Roko Istorija

This story is sad and difficult. But with great hope and faith to facilitate the daily life of Rokas and his family, we can...

Roko parents, it's going through it for the second time. A serious, unknown diagnosis 15 years ago took the life of little boy Mantukas. Life will continue and Mantuk's parents have had another wonderful boy, Rokas. A loving, fun and good kid. Rokas was born at 27. 1455 g, 38 cm tall. After giving birth, doctors informed that Roko's mother had chorionamnionitis. In Kaunas clinics, in the reanimate of newcomers, the mother and her son lay for another 2 months. The weight of the Rokas grew well. So, Rokas at 7-8 months began to sit. By then, he was visiting a physician. The child began to walk independently at the age of 1.5 years. And then began to run, where only the eyes see and of course loved to talk.

At the age of 2, Roko development lagged behind. Parents decided to continue to take the child to specialists, but it became increasingly difficult to do so with each... When I entered the office, Rokas was crying and nothing could be done with the child. Therefore, specialists decided to train mom to exercise Roka at home. Time was running out, Rokas was vaginating, but it was noticed that the boy was getting harder to walk, his legs were confused...
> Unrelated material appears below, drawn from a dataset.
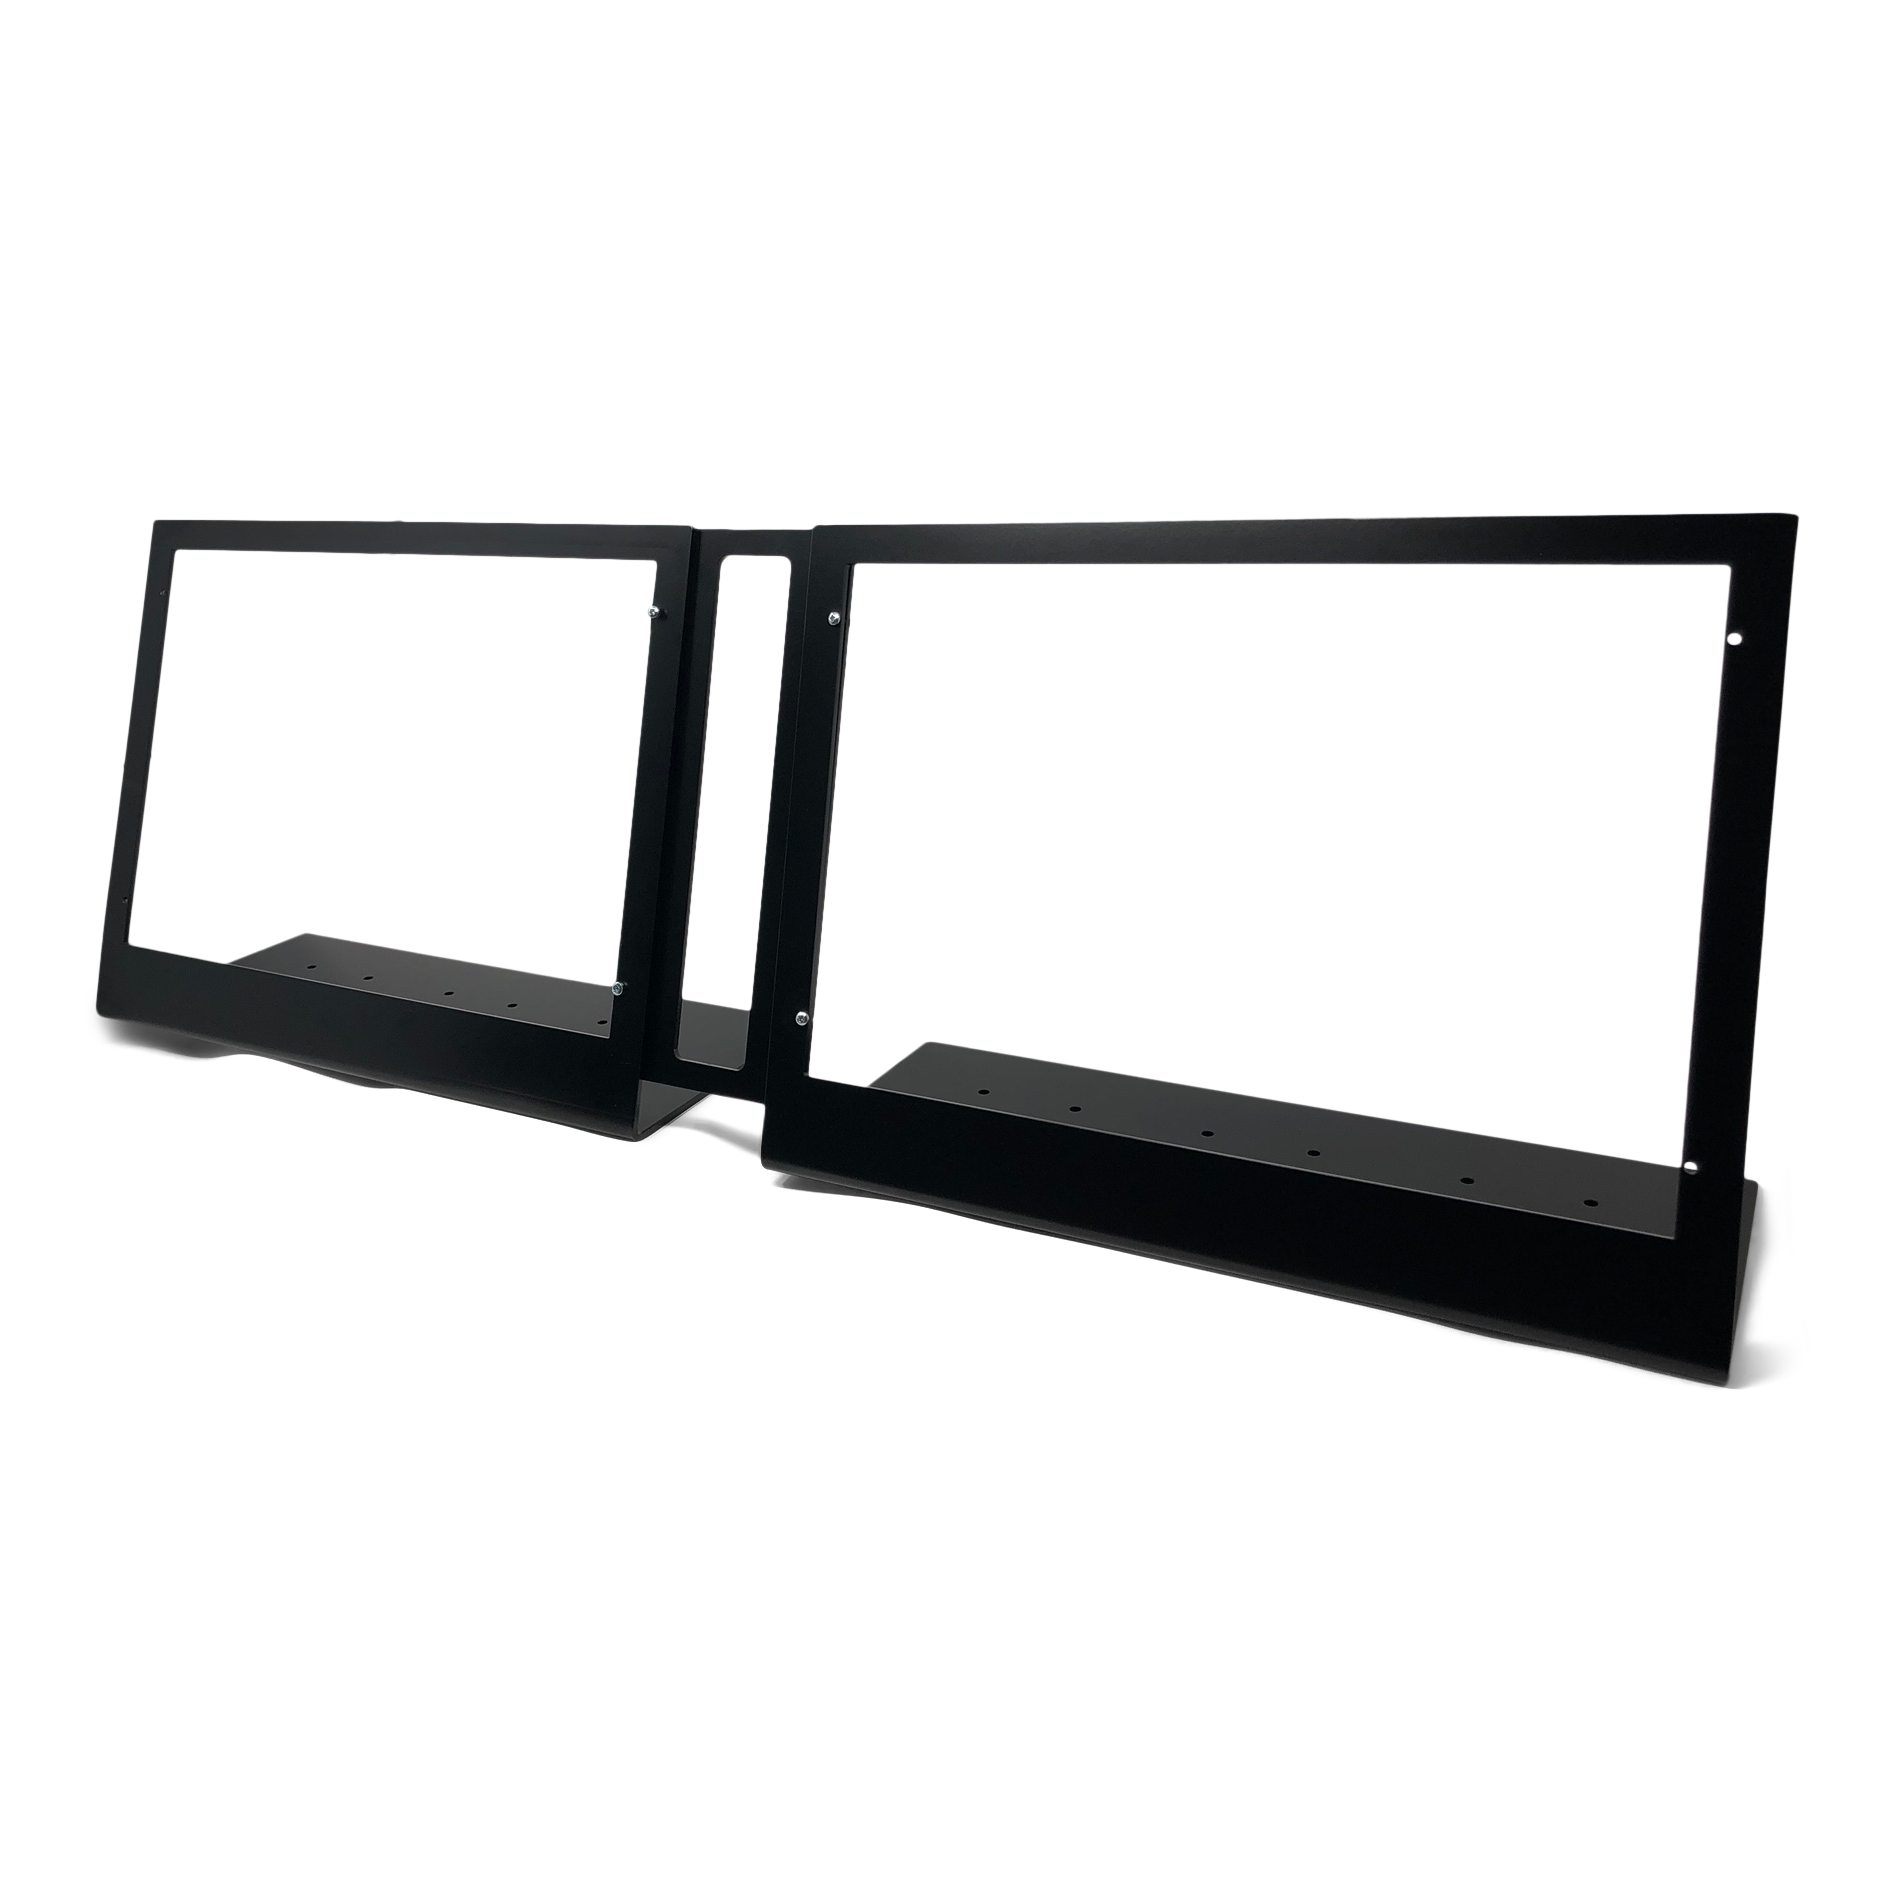 Desktop stand for RealSimGear G1000 Suite

Parents immediately after noticing this visited orthopedics, who did not notice anything wrong after the assessment. Parents were directed to geneticists in Kaunas clinics. The neurologist followed... A lot of research... And so until the first quarantine began. When the summer came, the investigations continued. This time, the parents visited geneticists in Vilnius. The studies carried out were not encouraging. The diagnosis announced by doctors is ruthless. GM2 ganglyosis (Tay-Sachs), and there is no cure for it, only symptomatic... Finally, in March this year.m, Rokutis underwent an operation in which a gastro stoma was inserted into his stomach, during which the boy is fed... Currently, Rokas suffers from epilepsy, lack of oxygen.

Rokas doesn't sit on his own, he doesn't walk anymore... If you manage to grab something and keep it in your hands at least a little bit – parents are very happy... Unfortunately, the evolution of Rokutis went back to infancy... Rokutis needs special mixtures, which the family has been using for some time. Financially, however, this is difficult, as the sickness funds do not compensate for this food. We ask all people of goodwill to help.